Francois Ozon’s new film opens with a shot of the Archbishop of Lyon, as he steps out in full regalia on to the balcony of the city’s hilltop cathedral. Silently surveying the rooftops below, he presents an image which speaks eloquently of the grandiosity to be found in the upper reaches of the Catholic Church.

Ozon is telling the story of a group of men sexually abused in childhood by the French priest Father Bernard Preynot, who was defrocked by the Catholic Church’s ecclesiastical court eight months ago.

Family business: Melvil Poupaud and Aurelia Petit.

Family business: Melvil Poupaud and Aurelia Petit.

It comes as no surprise that he originally thought of doing it as a documentary. It has the features which so often distinguish reality from fiction. With an unwieldy cast of characters and shifting points of view, it skips about without regard to the rules of narrative shapeliness. Yet wherever it goes, it always circles back to the same point. The campaigners at the centre of the story are not victims. They’re heroes, brave and determined enough to disrupt their lives to expose a criminal and the Church, which allowed his crimes to go on for so long.

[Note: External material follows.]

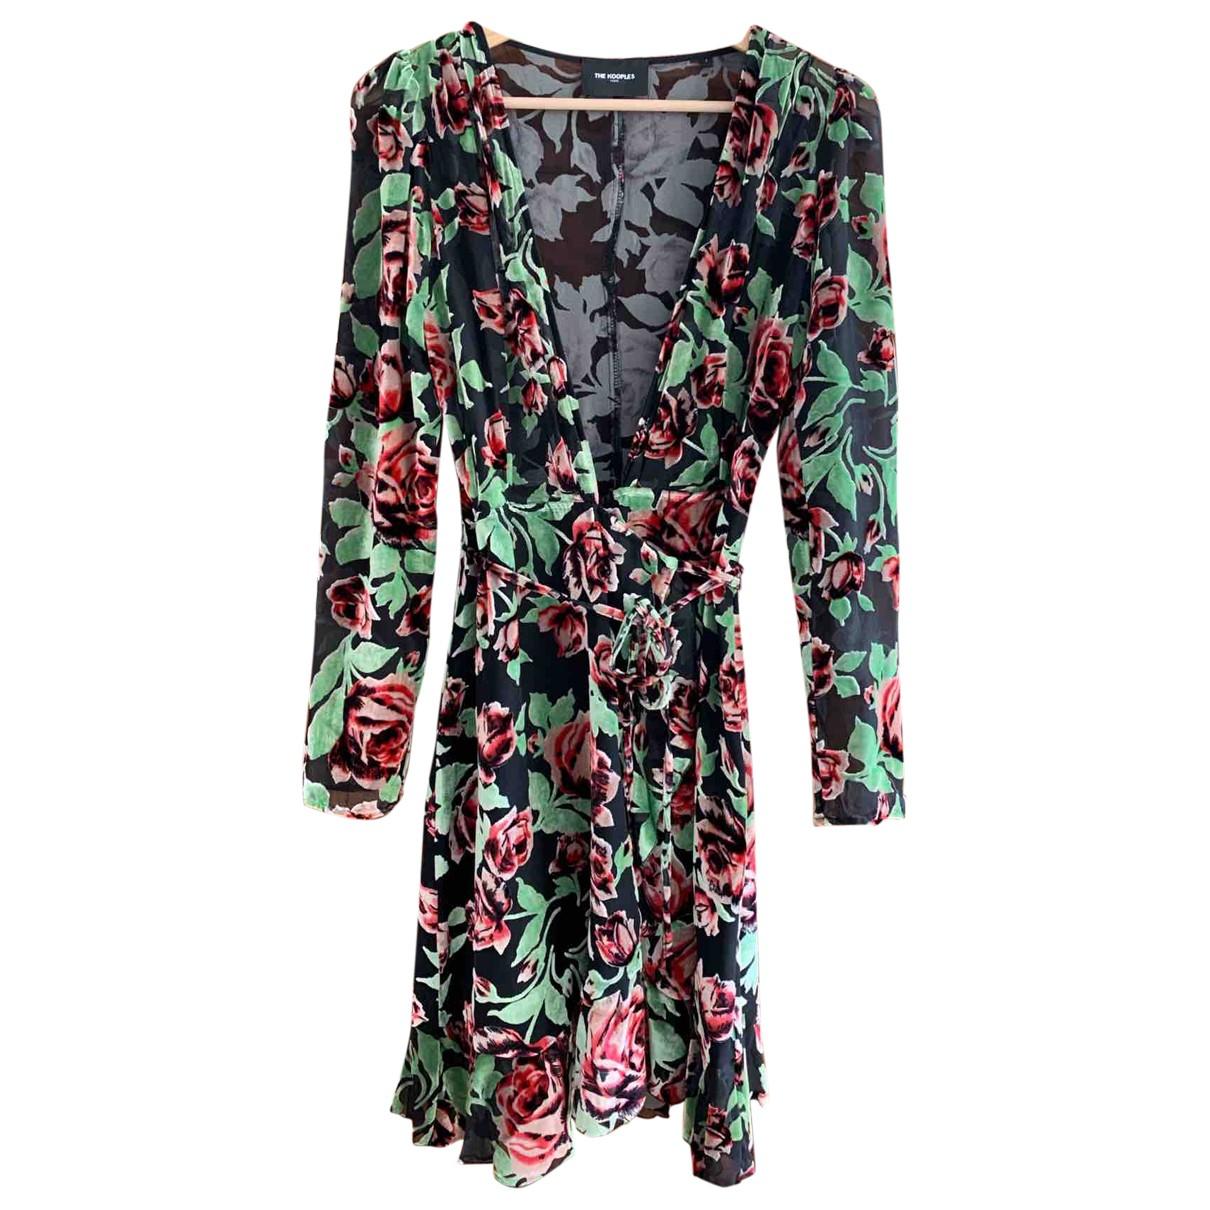 The Kooples \N Black dress for Women 1 US

The group is brought together by Alexandre Guerin (Melvin Poupaud), a Paris banker, who has just learned that Preynot, who molested him at a Catholic scout camp in Lyon years earlier, is still working with children. When his subsequent appeals to the Archbishop (Francois Marthuret) get him nowhere, he sets out to find other victims of the priest. And he doesn’t have long to wait. More remarkably, many of those who respond are willing to put their names to sworn testimonies.